Richard Socarides, author of the New Yorker piece, also discussed his personal experiences with Kenneth Mehlman.  The summer that he came out, he met with Mehlman and discussed what steps he would be taking.  Socarides remembers that “he told me that while he wanted to be an advocate and work for change and greater acceptance, he thought that he should first spend some time listening and learning.”

Socarides also detailed some of the work that Mehlman has done since that period of listening and learning, including being on the board of the American Foundation for Equal Rights, working with the New York based Freedom to Marry, and his advocacy in working for marriage equality in Maine, Maryland, Minnesota, and Washington State.

Read the full piece, Ken Mehlman’s Gay Marriage Mission, at the New Yorker. 

 

Ken Mehlman featured in the New York Times

Robert Draper published a piece on Thursday that is a hard-hitting look at the Republican Party and the efforts that they are taking to try to become more relevant to the voters, especially younger voters.  He spent time interviewing several young Republicans including Bret Jacobson and Ian Spencer, part of the five-man company Red Edge that is a digital advocacy group for conservative causes, Kristin Soltis Anderson, a 28-year-old G.O.P. pollster, S.E. Cupp, a New York Daily News columnist and co-host of “The Cycle” on MSNBC, and Patrick Ruffini, a 34-year-old leader of the young Republican digitial movement.

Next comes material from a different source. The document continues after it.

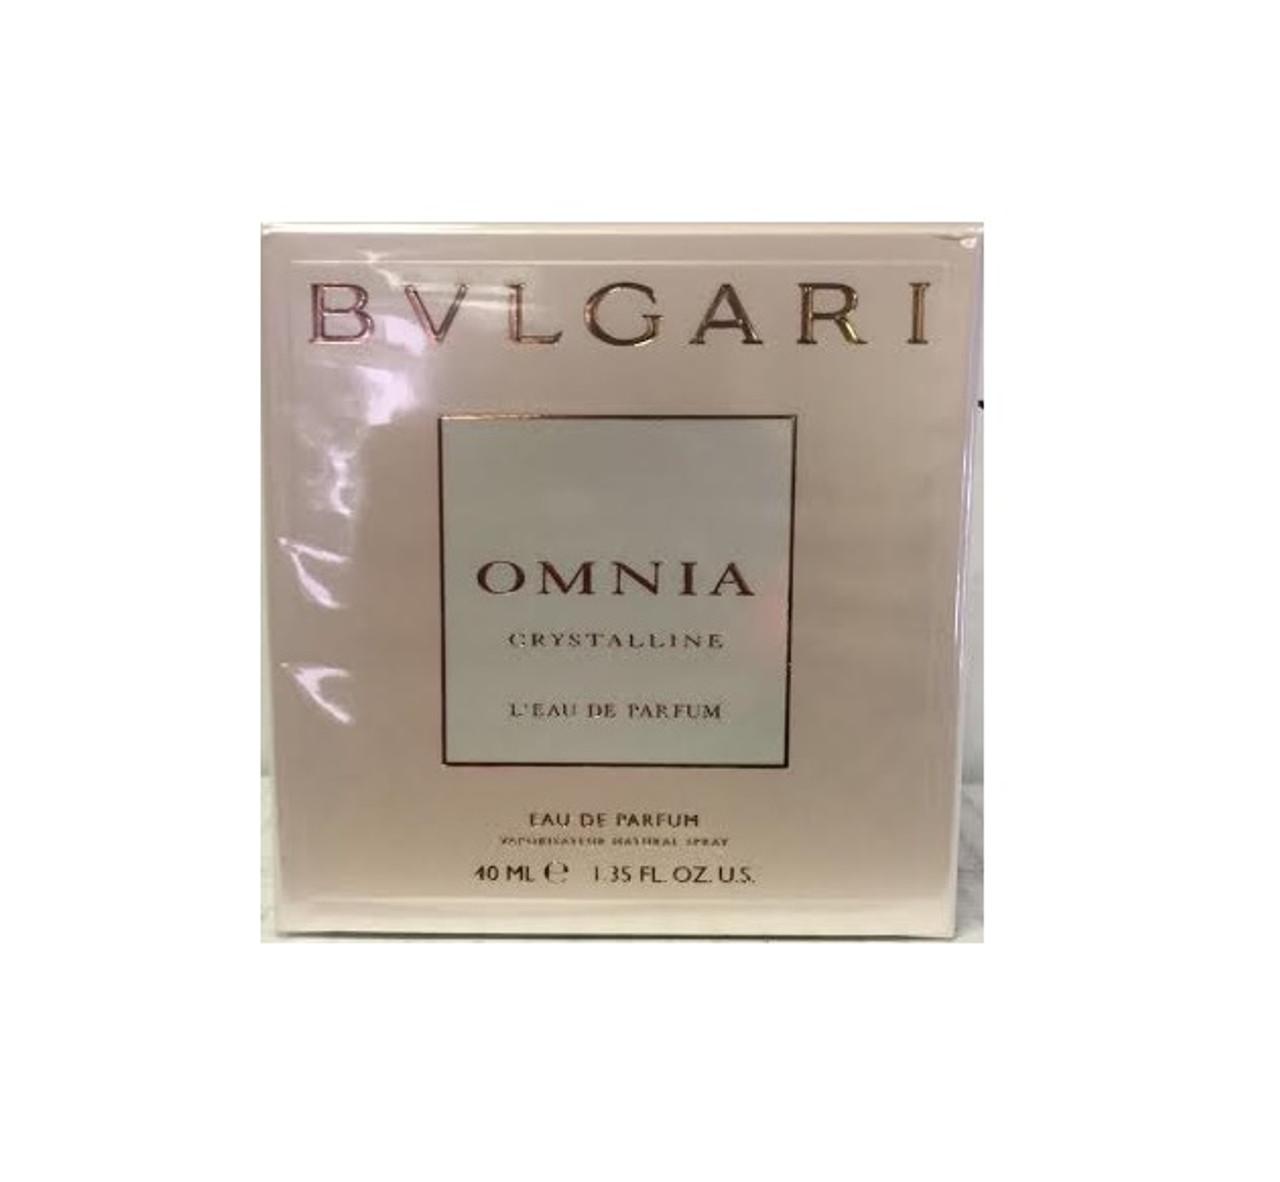 Bvlgari Omnia Crystalline Leau De Parfum Eau De Parfum Spray 135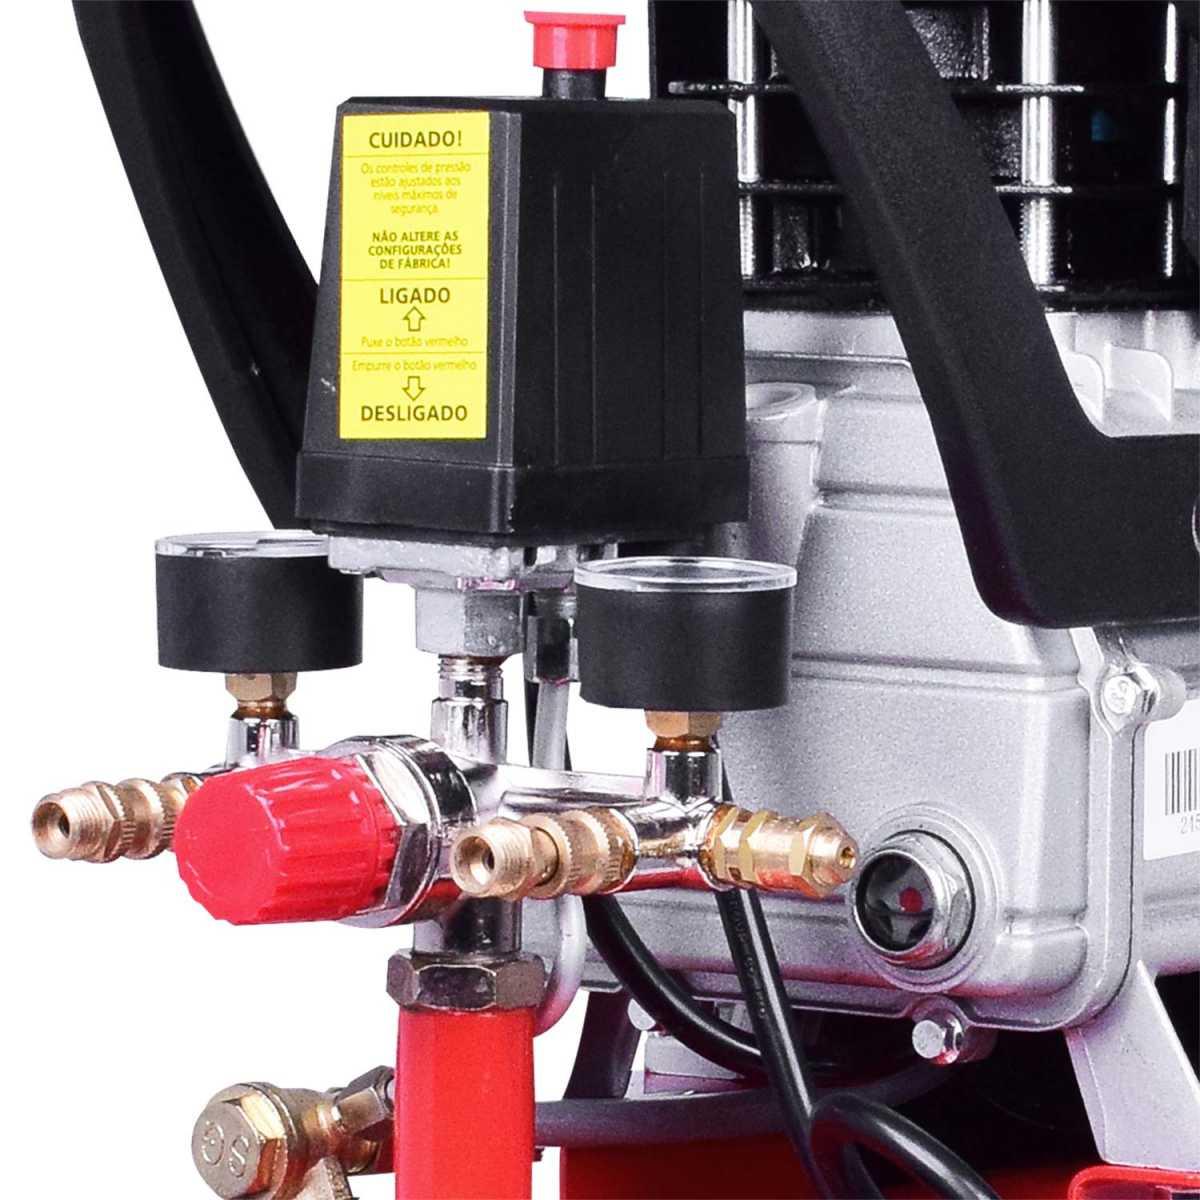 Compressor Portátil 24 Litros 220V Worker

Draper also interviewed Ken Mehlman, President Bush’s campaign manager and current Global Head of Public Affairs for private equity firm Kohlberg Kravis Roberts (KKR)- mentioning how Mehlman has become a vigorous supporter of the legalization of same-sex marriage in New York and beyond.  Ken Mehlman explained to Draper how the demographics of the nation have changed, and how a typical voting couple would be different from what it was in 1970.

“There’s an important book by Ben Wattenberg and Richard Scammon called ‘The Real Majority,’ published in 1970,” Mehlman explained to Draper. “The book explains in part how the Republican Party would go on to win five out of six presidential elections through the eyes of the ‘typical’ voter — a working-class couple in Dayton, Ohio. They’re white, worried about crime, feel burdened by taxes and feel like too many Democrats don’t understand these concerns.”

However, today’s voter is a little different. “Here’s the difference,” Mehlman went on to explain. “They worry about economic mobility — can their kids get ahead or even keep up. Their next-door neighbors are Latino whose mom gets concerned when she hears talk about self-deportation or no driver’s licenses. And that couple has a gay niece and an African-American brother-in-law. And too many folks like the couple in Dayton today wonder if some of the G.O.P. understands their lives anymore.”

Ken Mehlman, according to Draper, feels that the biggest issue for modern Republican candidates is not finding a new Reagan, but finding someone who understands that modern voter.  Someone who knows the demography and how the new voters react and change, and who can adapt to their concerns.

Others he interviewed think that the solution might be even simpler.  As Jacobson explained, “I think the answer for a vibrant Republican Party is to make our North Star empowering every individual in this country to follow their own dream, free of legislative excesses.”